Give Me a Word: Wisdom from Desert Monks

The de Chantal Society, "a group of women passionate about praying for vocations and for families in the Archdiocese of Milwaukee, gathers three times per year at Saint Francis de Sales Seminary for eucharistic adoration and spiritual formation." Last spring, during Lent, Fr. Tom DeVries addressed the de Chantal Society with an inspiring talk on humility, sin and hope based upon wisdom learned from the desert monks.  Fr. Tom is a great speaker,  and at first I was so focused on listening to him that I didn't think to take notes on what he was saying, so the first section on humility is a little scant as I didn't completely catch all of what he said. Most interesting to me is the Mystery of Sin.  As one who usually beats herself up over sins and mistakes, I had never before considered the fact that our sins could be the beginning of our salvation.  Although these notes are from a Lenten talk and are not complete, the knowledge they contain can be useful to us at any time of year.


Give Me a Word:  Wisdom from Desert Monks
A Talk by Fr.

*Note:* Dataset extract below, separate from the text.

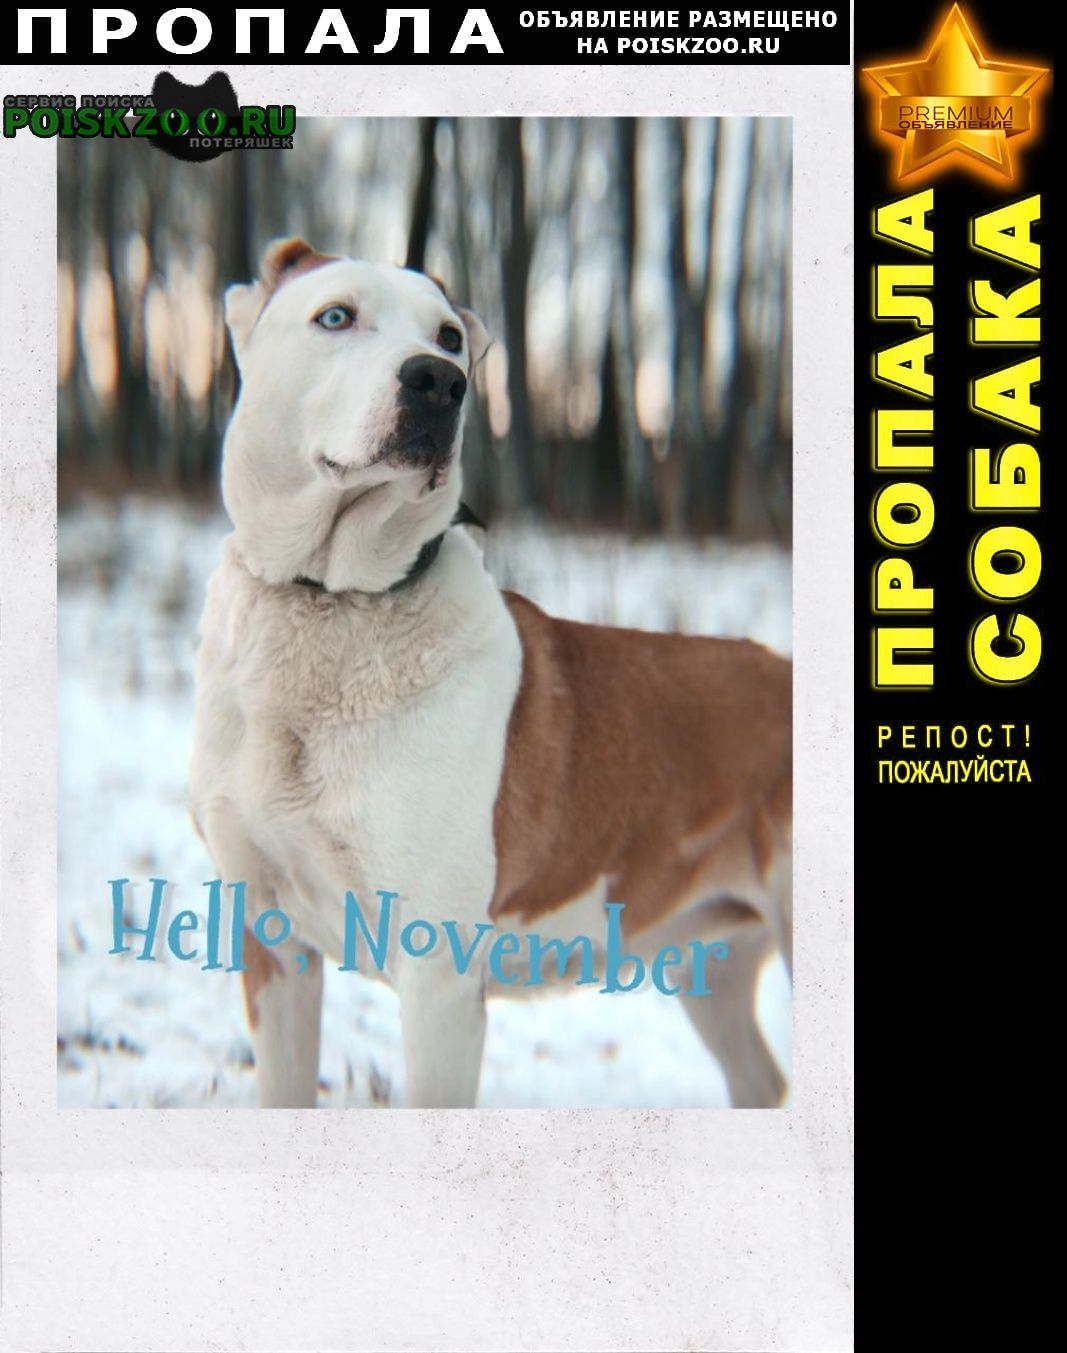 Пропала собака район поиска нара-обнинск Балабаново

Tom DeVries

The Necessity of Humility

Without God I am nothing, can do nothing.  Humility is being plunged into God.  Without temptations no person can be saved.  With temptations we realize how weak we are and we know without grace we cannot be saved.  We must lose at something, be brought to the edge of all of our resources and realize we can’t control, fix, explain or even understand some of the things that happen to us.  Do not be afraid of failure.  It’s required for us if God will exalt us.  We don’t exalt ourselves; God does.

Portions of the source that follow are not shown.